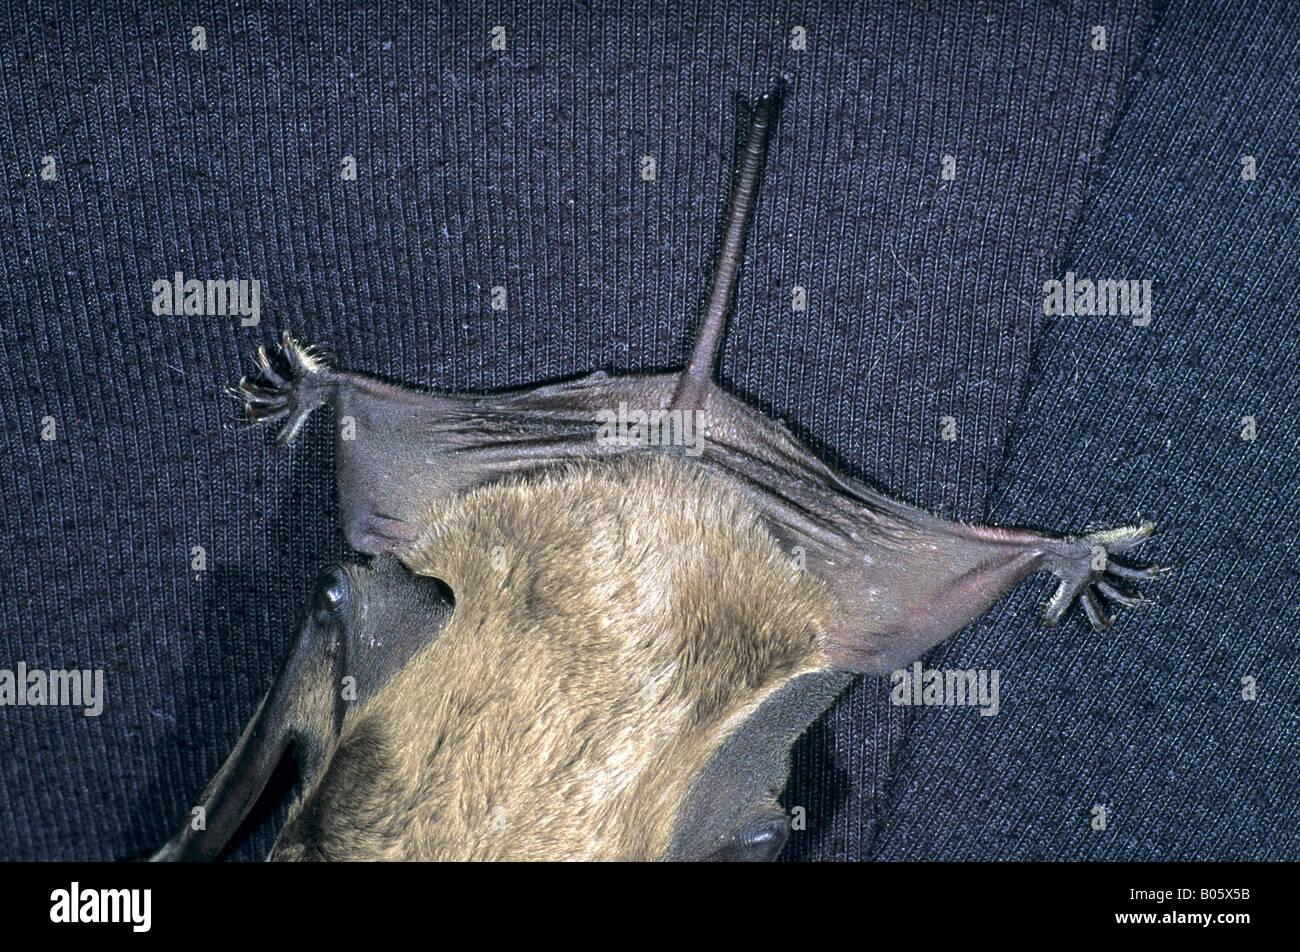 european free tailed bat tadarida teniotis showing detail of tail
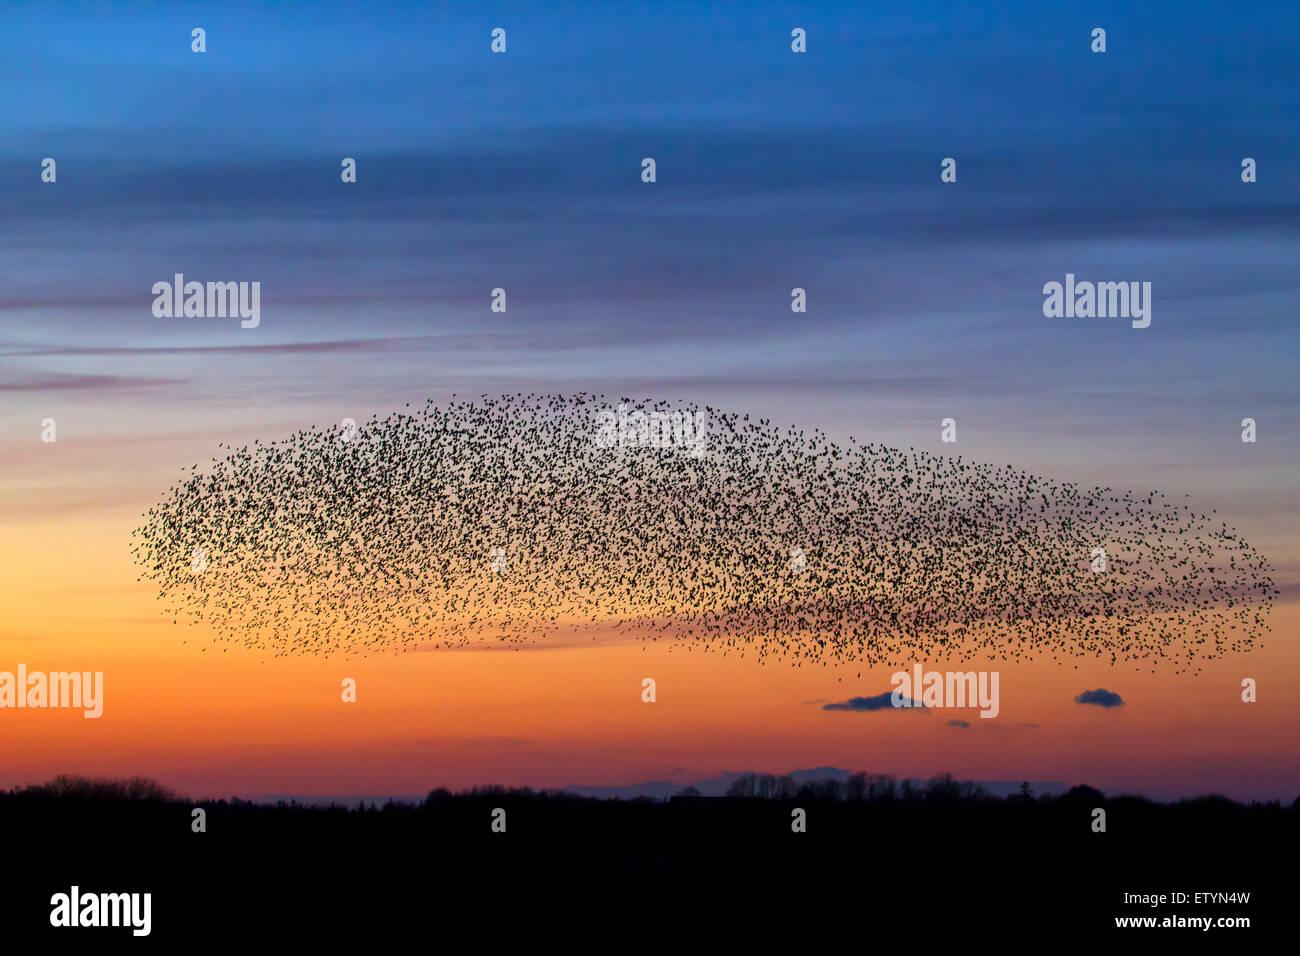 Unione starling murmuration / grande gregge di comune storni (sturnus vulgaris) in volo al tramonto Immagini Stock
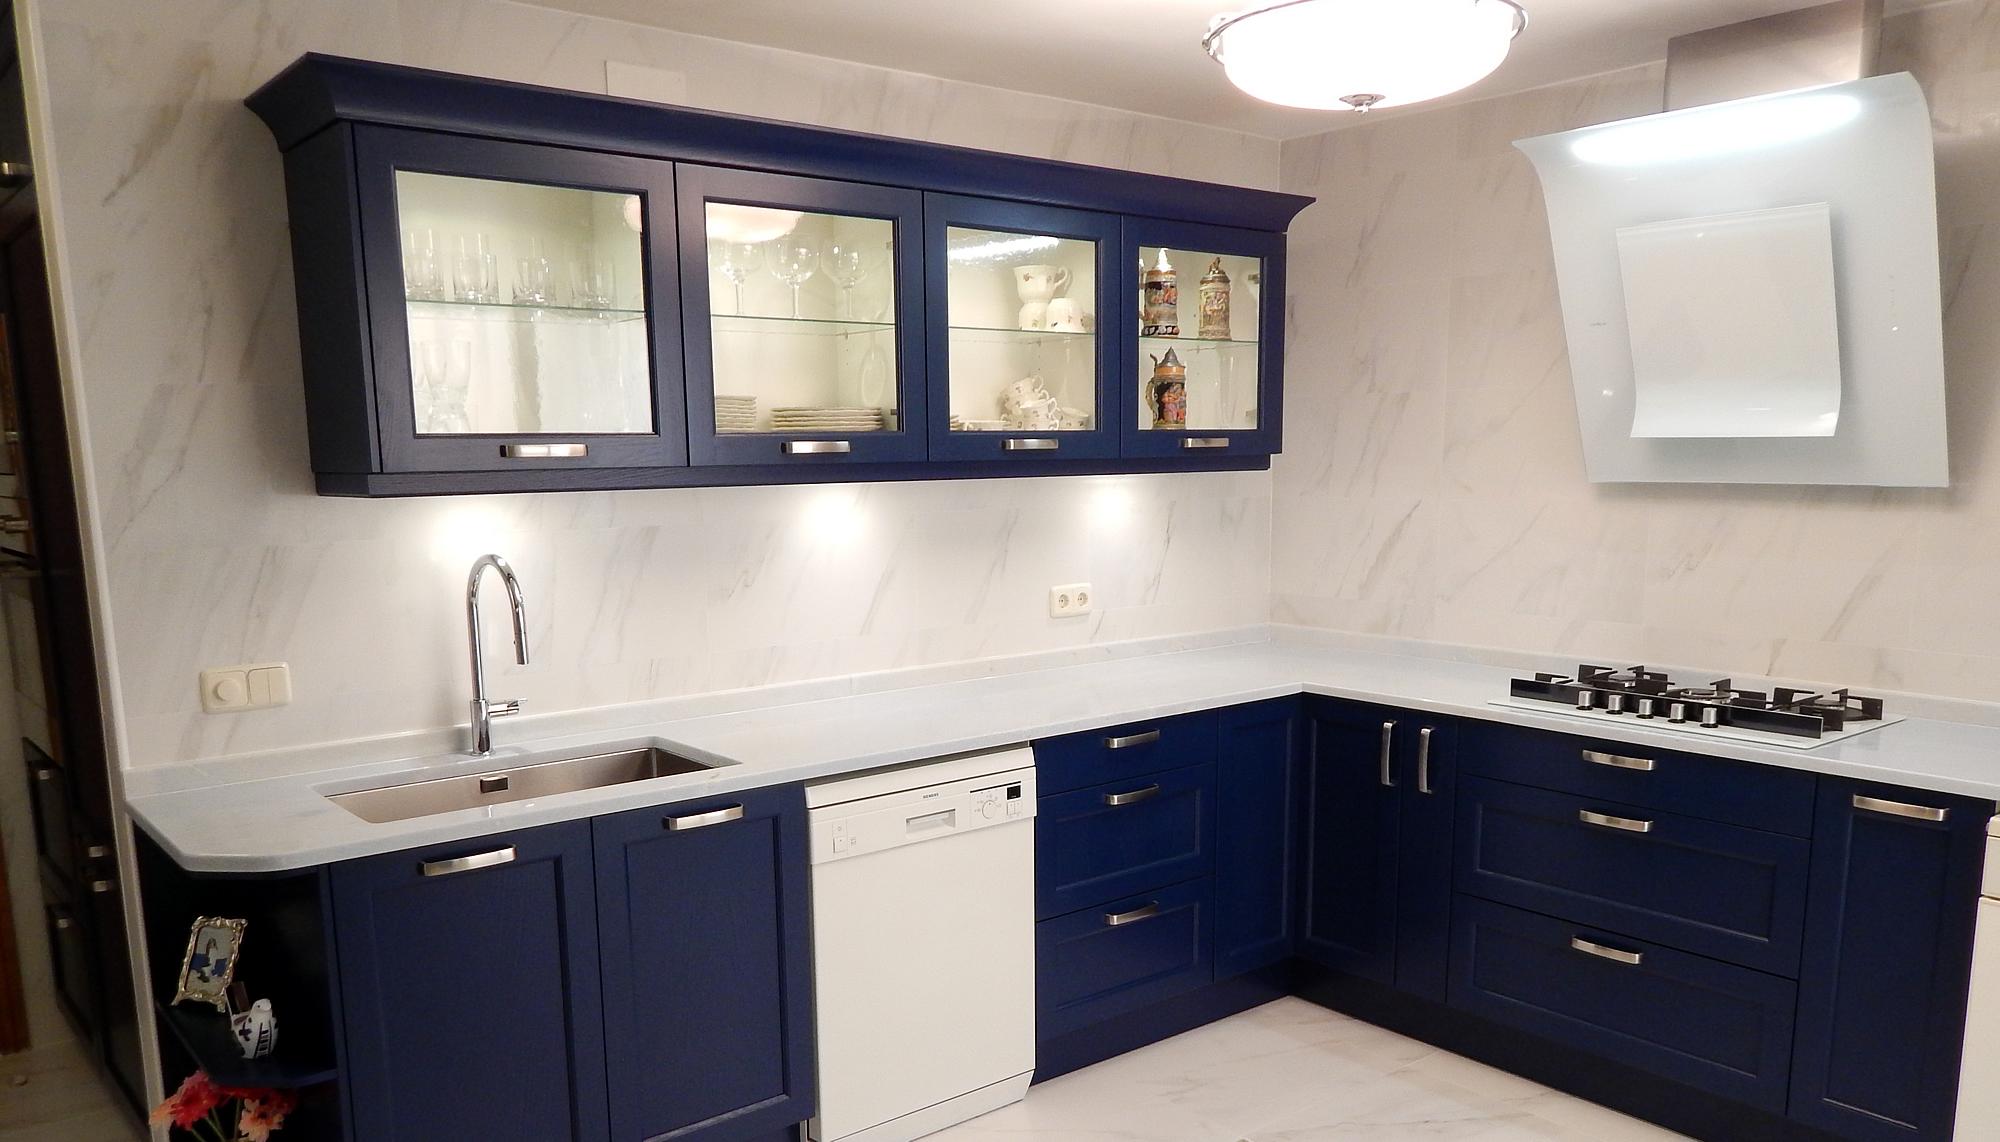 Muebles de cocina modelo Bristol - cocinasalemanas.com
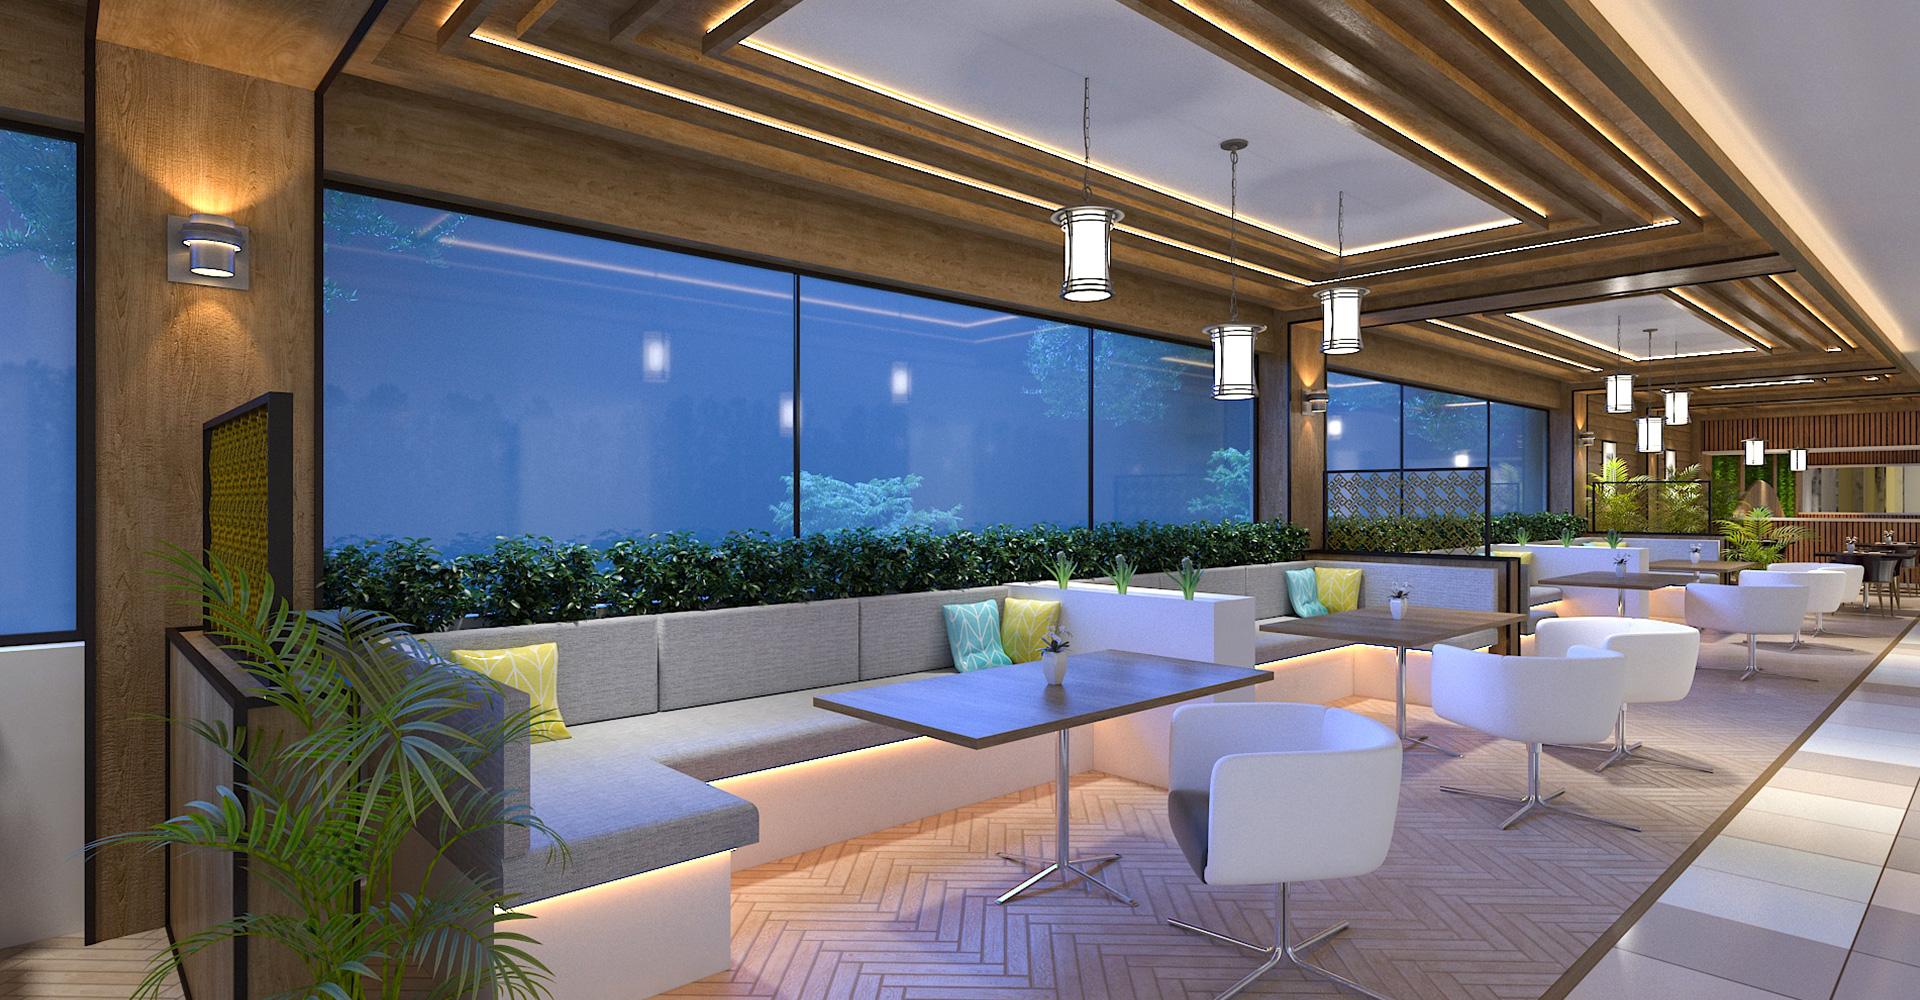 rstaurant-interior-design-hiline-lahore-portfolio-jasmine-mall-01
----------------------------------------
**Work order:** With the pictures excluded, restate the material exactly as it stands.

**Solution for this problem:**
 european free tailed bat tadarida teniotis showing detail of tail
 Unione starling murmuration / grande gregge di comune storni (sturnus vulgaris) in volo al tramonto Immagini Stock
 Muebles de cocina modelo Bristol - cocinasalemanas.com
 rstaurant-interior-design-hiline-lahore-portfolio-jasmine-mall-01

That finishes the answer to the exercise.